**Exercise description:**
Below are the records; give again exactly the lines from the one containing "Hasleo Windows ISO Downloader" through the one containing "وزراء أفارقة يجتمعون", leaving out pictures.
─── Extracted material ───
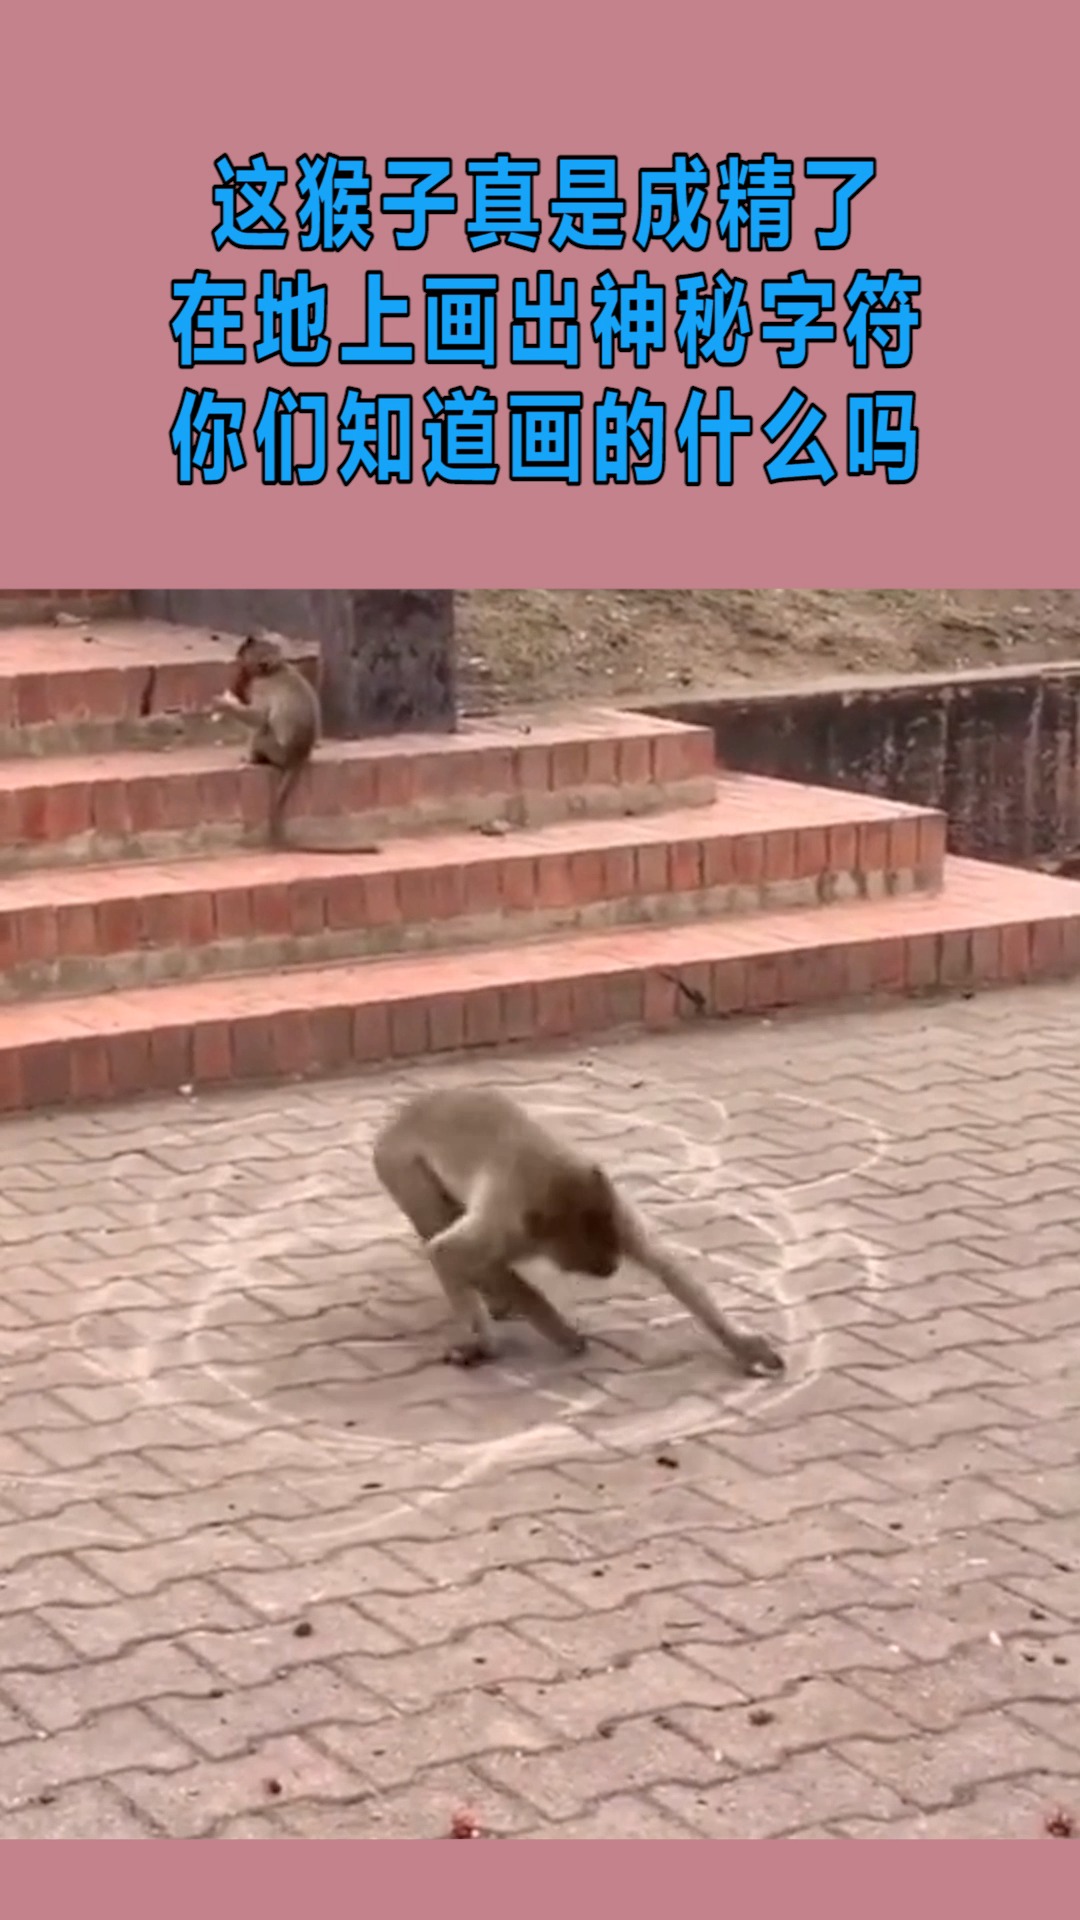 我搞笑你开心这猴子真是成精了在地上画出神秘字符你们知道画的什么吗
───
─── Extracted material ───
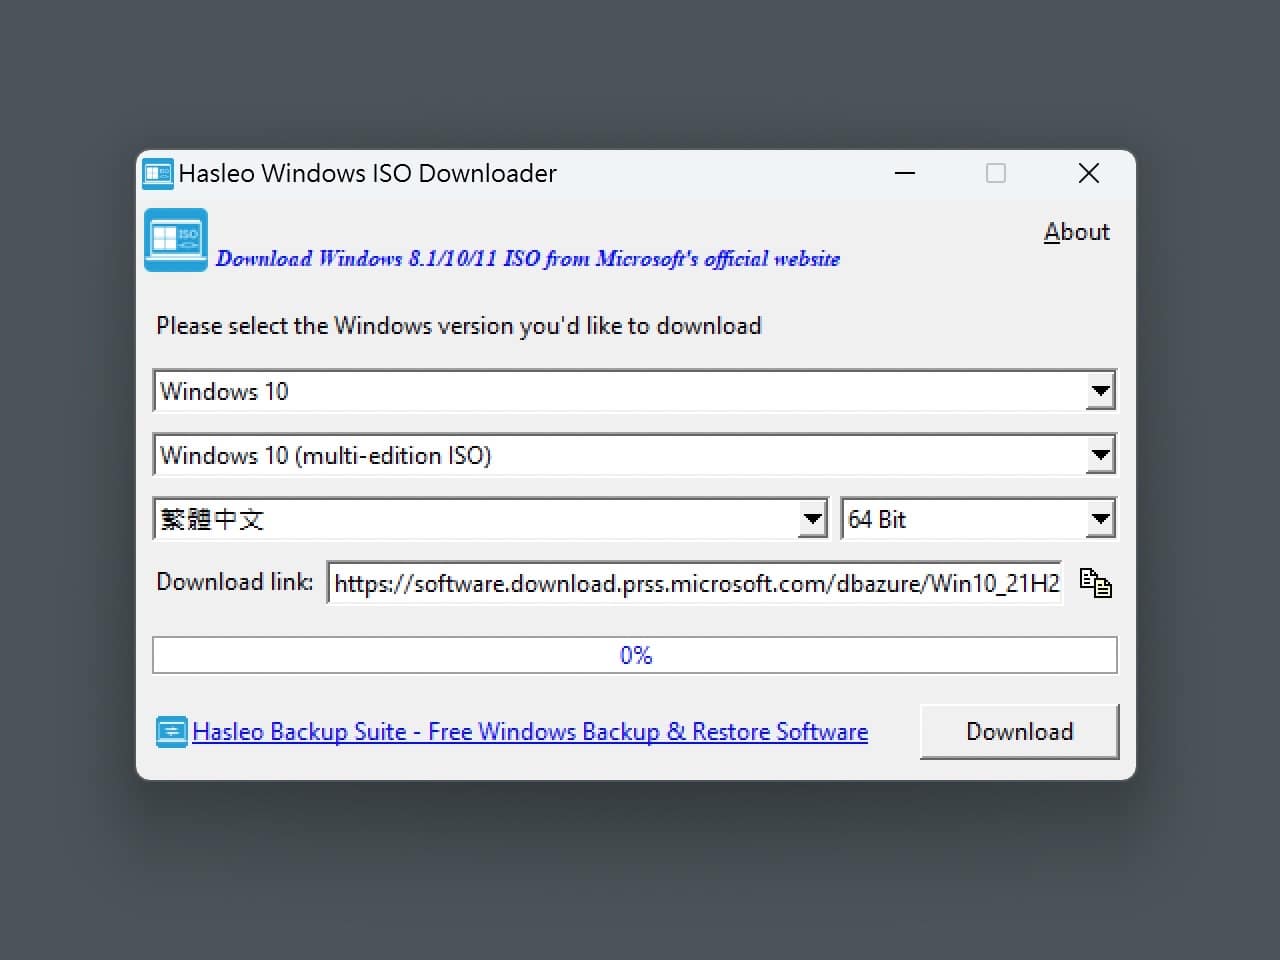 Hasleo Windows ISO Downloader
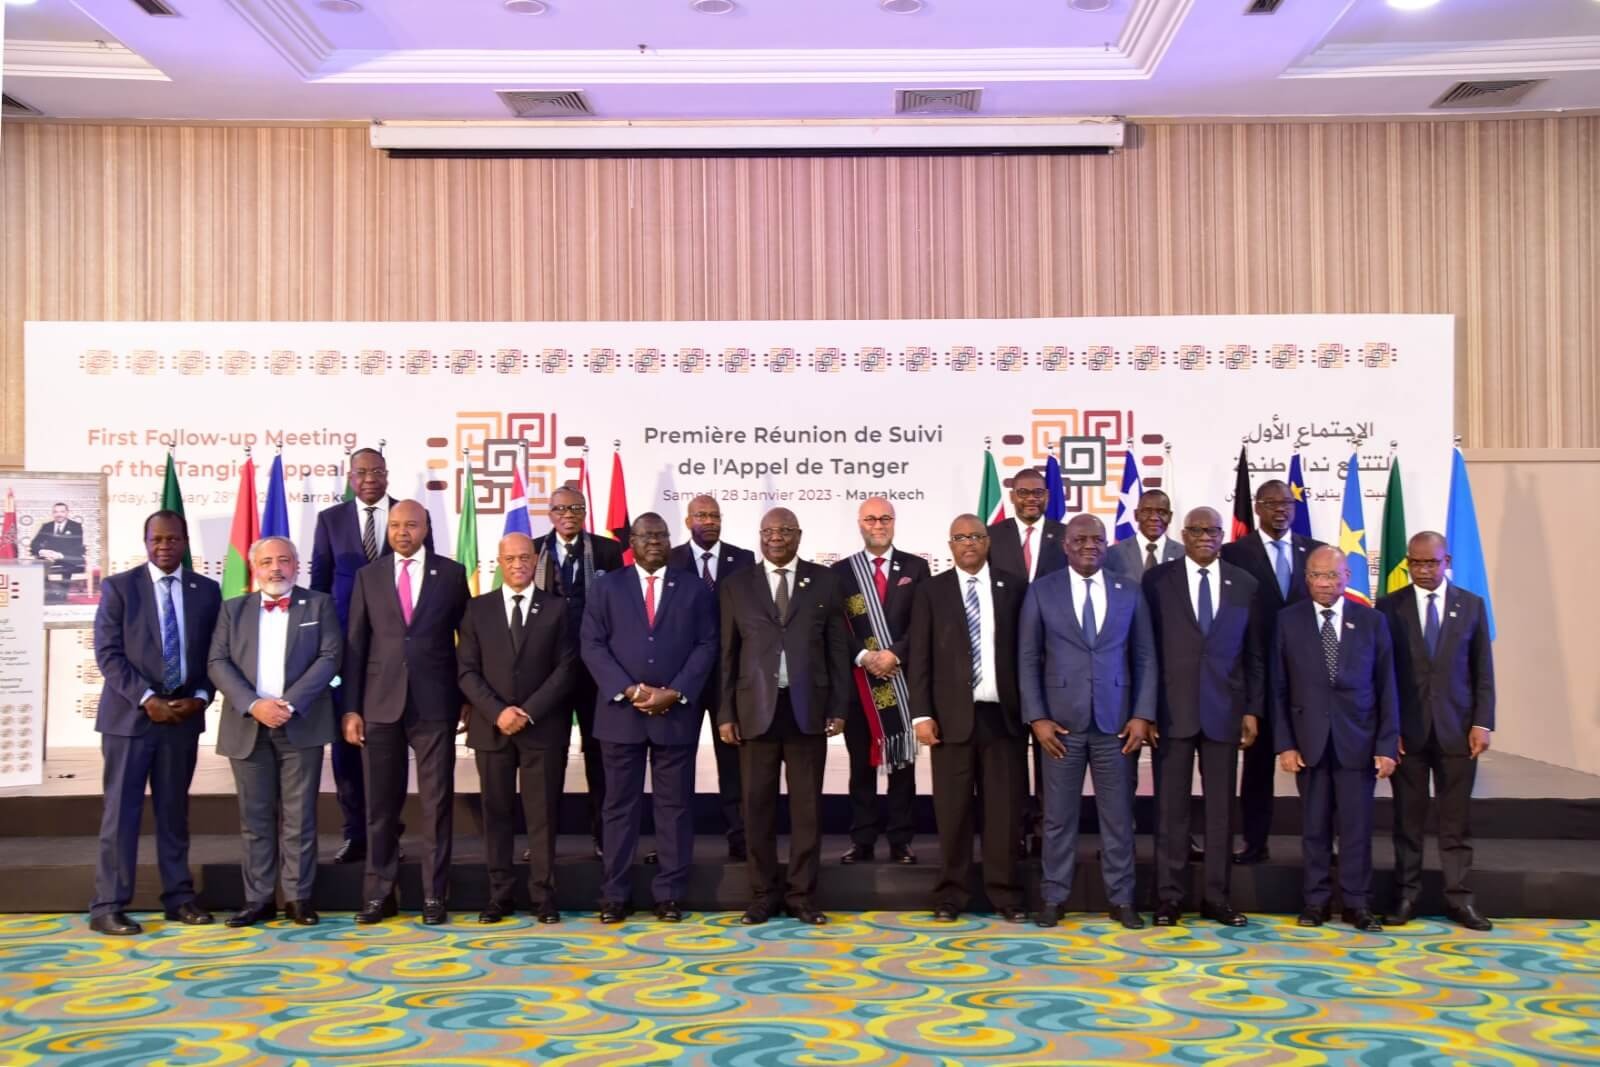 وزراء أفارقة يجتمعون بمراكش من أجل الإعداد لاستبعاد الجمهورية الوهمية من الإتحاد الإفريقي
───
─── Extracted material ───
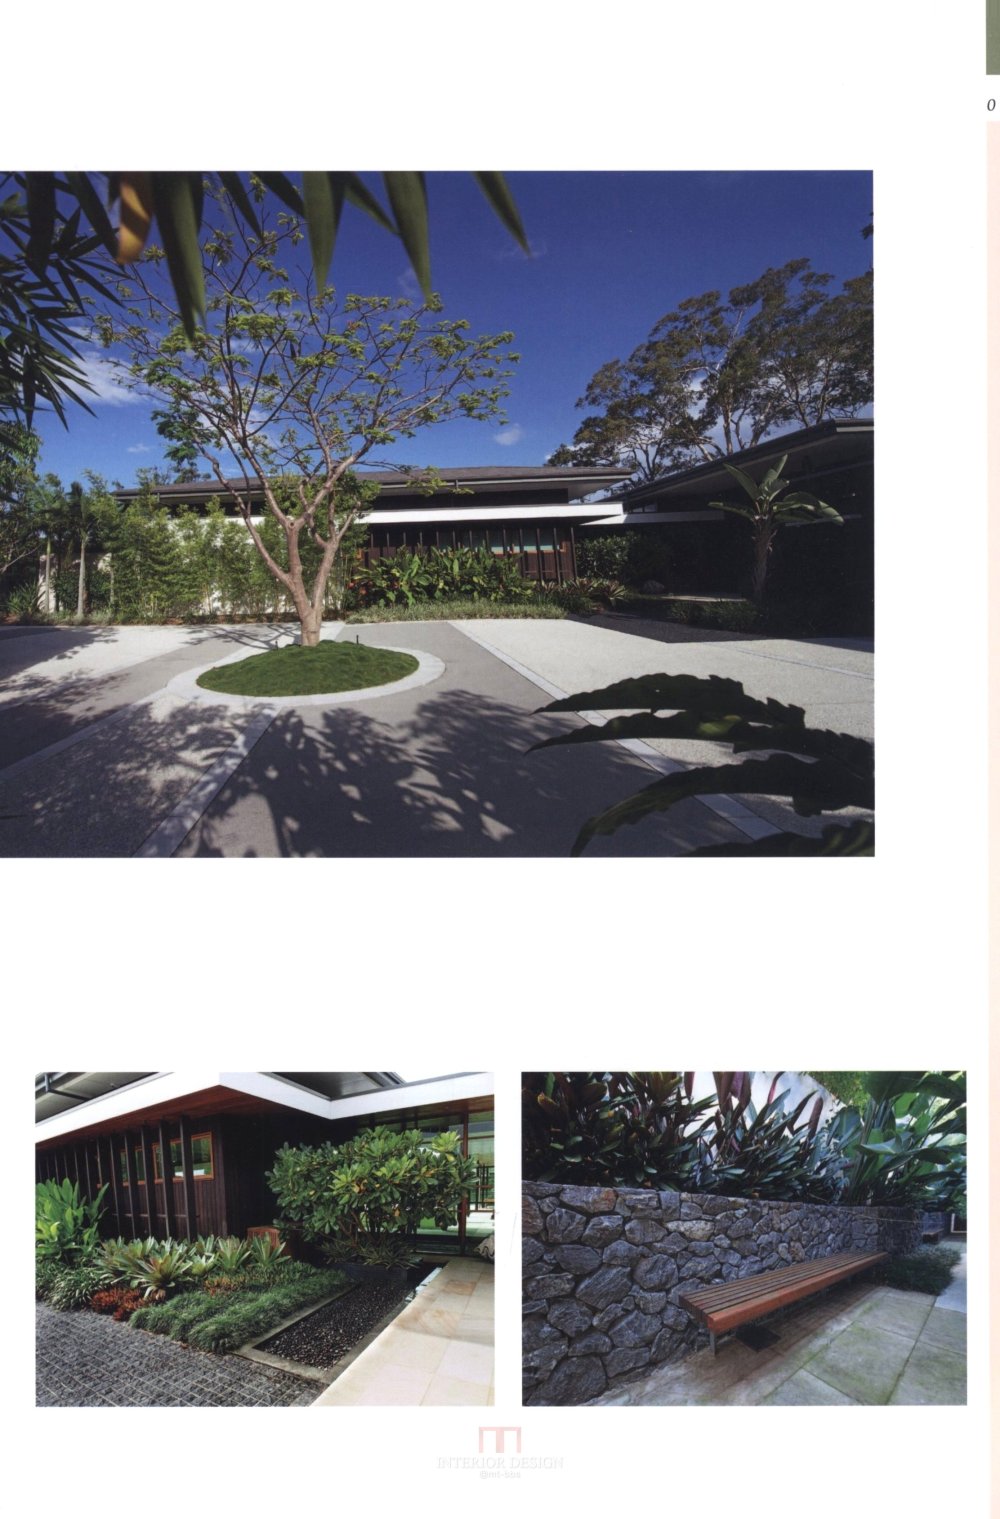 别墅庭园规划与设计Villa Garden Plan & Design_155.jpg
───
**Reply to the exercise:**
 Hasleo Windows ISO Downloader
 وزراء أفارقة يجتمعون بمراكش من أجل الإعداد لاستبعاد الجمهورية الوهمية من الإتحاد الإفريقي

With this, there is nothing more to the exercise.